Your feedback has greatly improved our paper:
- yejw: Validated the proposed masking strategy and clarified the adaptive masking explanation.
- seE2: Refined the KL divergence explanation and added FlashAttention to the inference-time comparison for fairer evaluation.
- BYoK: Added comparisons with the non-CD method (OPERA) and provided clearer explanations.
- Nvqo: Clarified the masking-out operation, justified using the final query token, and emphasized differences from prior work.
- qkTD: Analyzed hallucination types mitigated by AVCD, evaluated the method on OmniBench for generalizability, and conducted ablations on the three components.

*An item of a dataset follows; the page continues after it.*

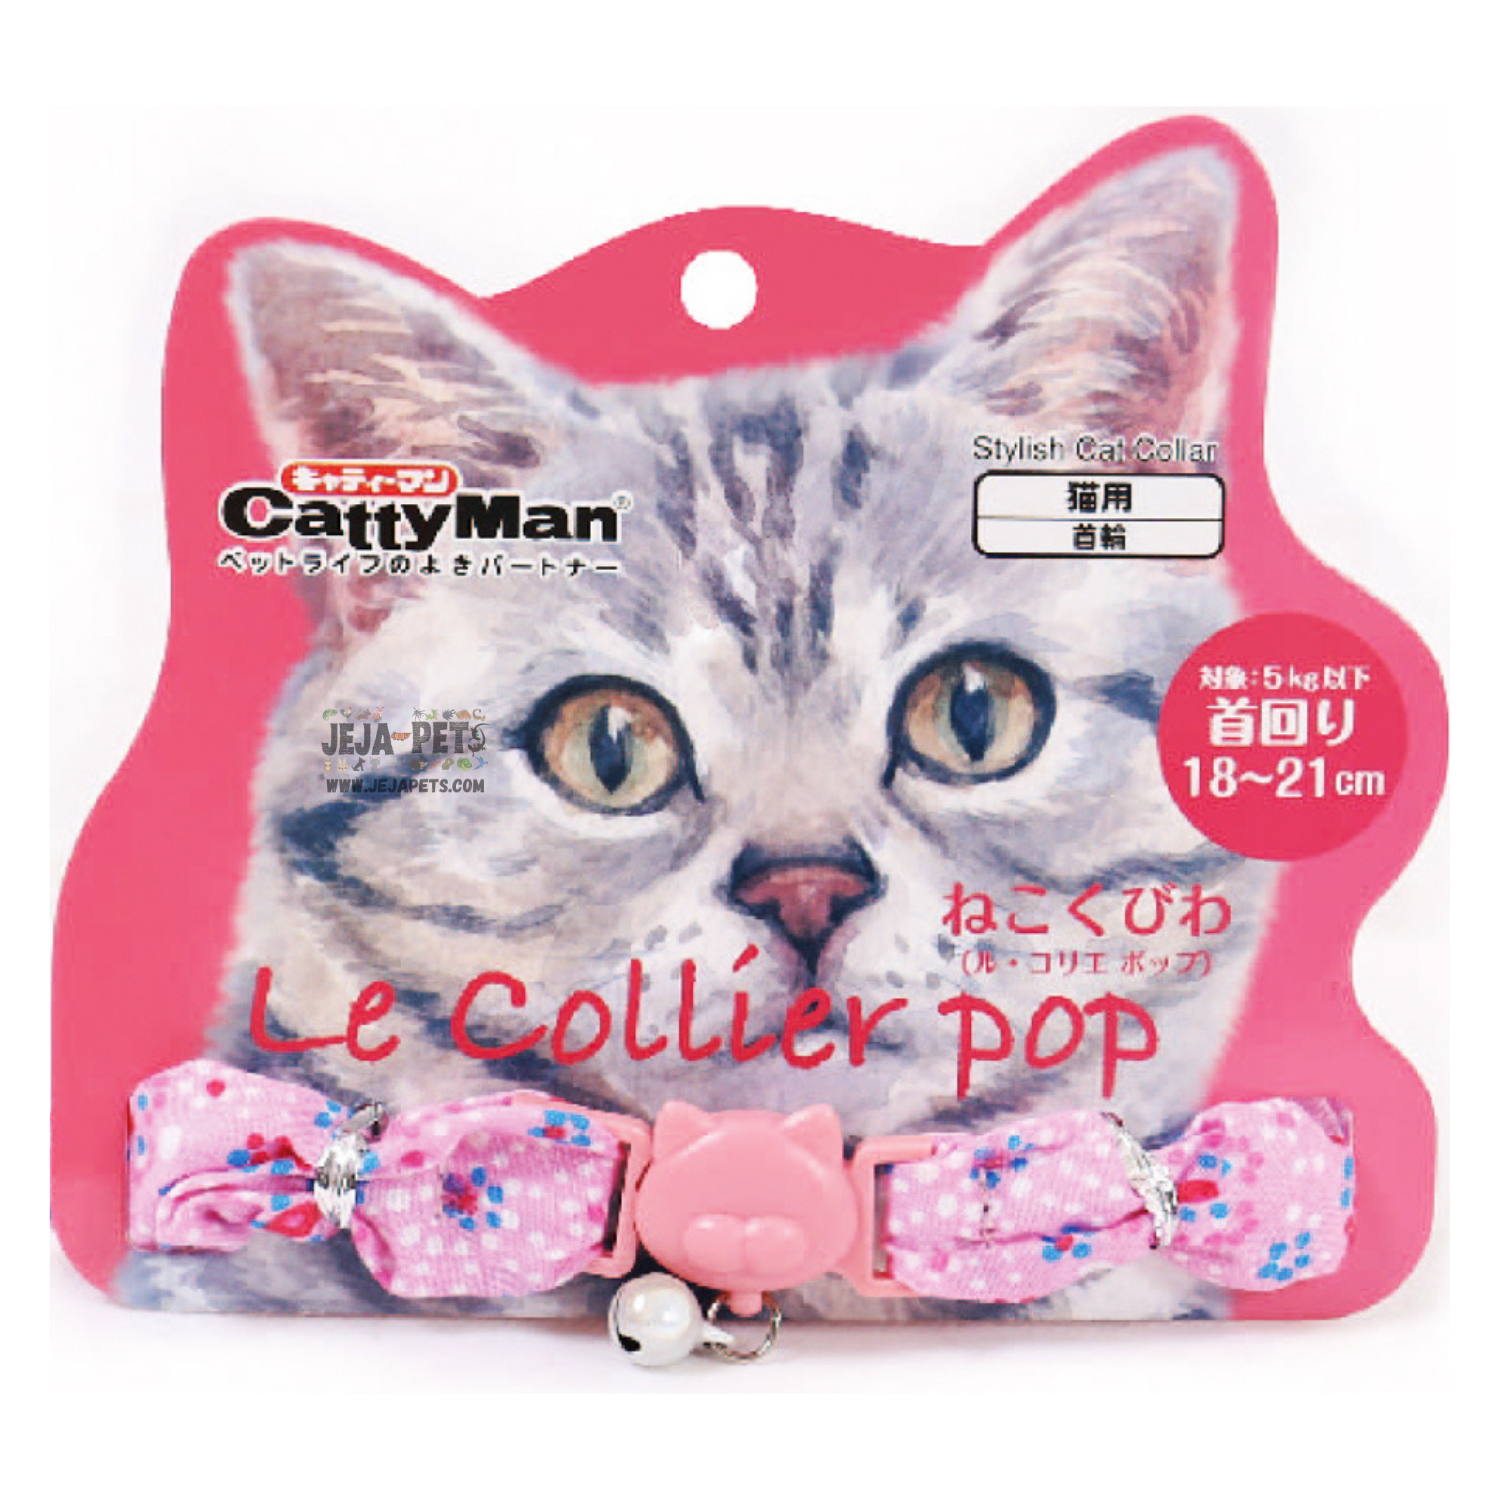 CattyMan Stylish Cat Collar (Pink Flowers) - 12.5 x 10.8 x 2 cm
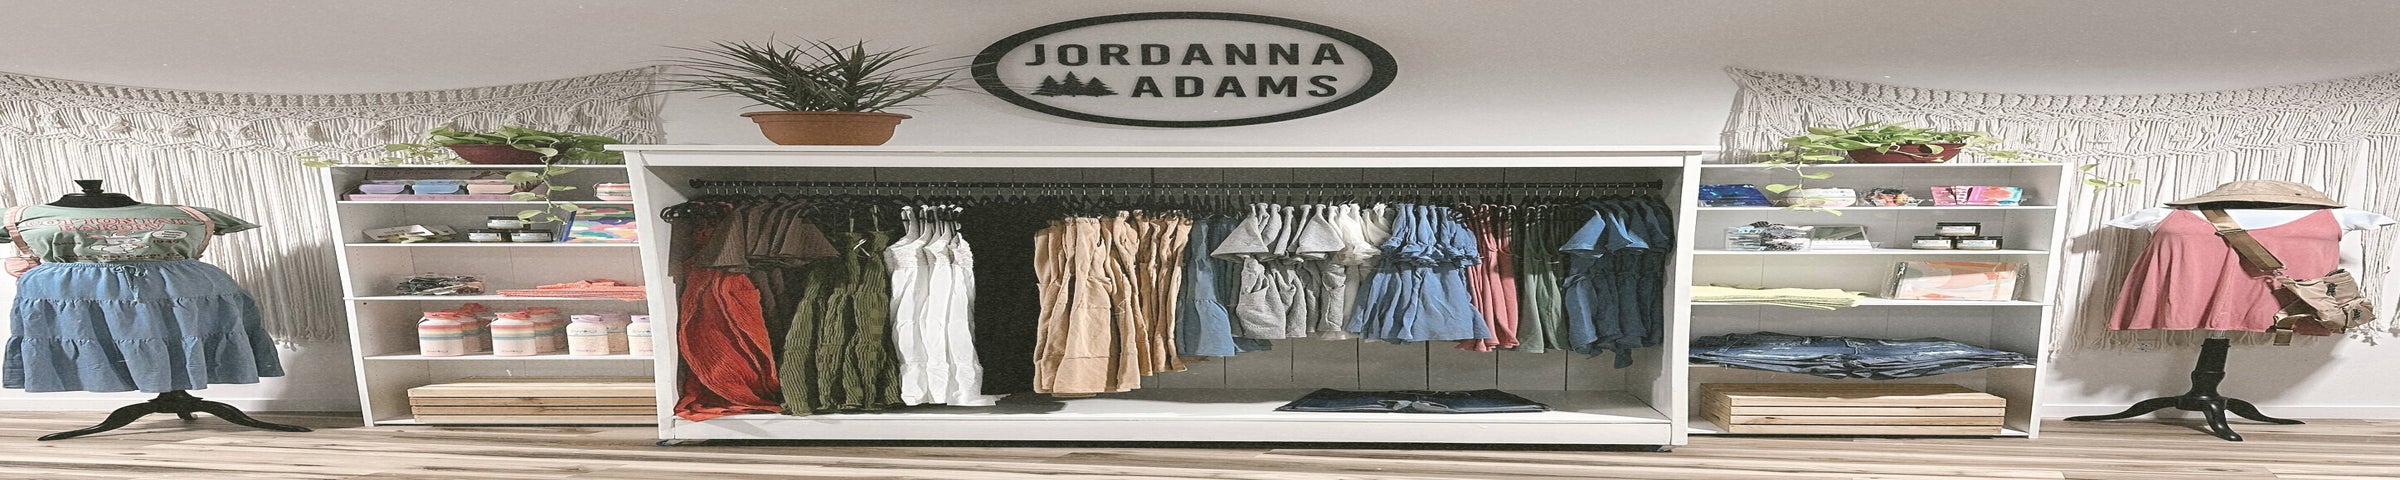 Dene Adams, LLC - Clothing Store

We are deeply grateful for all the valuable feedback and will incorporate these improvements faithfully into the final version of the paper.
Sincerely,
The Authors
This paper proposes AVCD, a novel, training-free framework to mitigate hallucinations in audio-visual large language models by reformulating contrastive decoding for trimodal inputs. The reviewers agreed that the paper addresses an important and timely challenge in AV-LLMs, and highlighted several key strengths: the method is training-free and therefore broadly applicable, it introduces a principled extension of contrastive decoding to three modalities, and it balances accuracy and efficiency through entropy-guided adaptive decoding. Experimental validation across multiple datasets and models shows consistent gains, with particularly strong improvements on AVHBench, reinforcing both the novelty and practical relevance of the approach. The ablation studies and additional experiments added during rebuttal further strengthened the technical contribution.
Some concerns remain. One reviewer raised questions about the theoretical justification of the mathematical approximation used in the framework, noting that the explanation relies on empirical rather than rigorous analysis. Others mentioned the reliance on attention scores, efficiency trade-offs, and the need for deeper analysis of failure cases and hallucination categories. While these are valid points, the authors provided substantial clarifications, additional experiments, and broader evaluations that satisfied most reviewers. Overall, the paper makes a strong methodological contribution to hallucination mitigation in multimodal LLMs.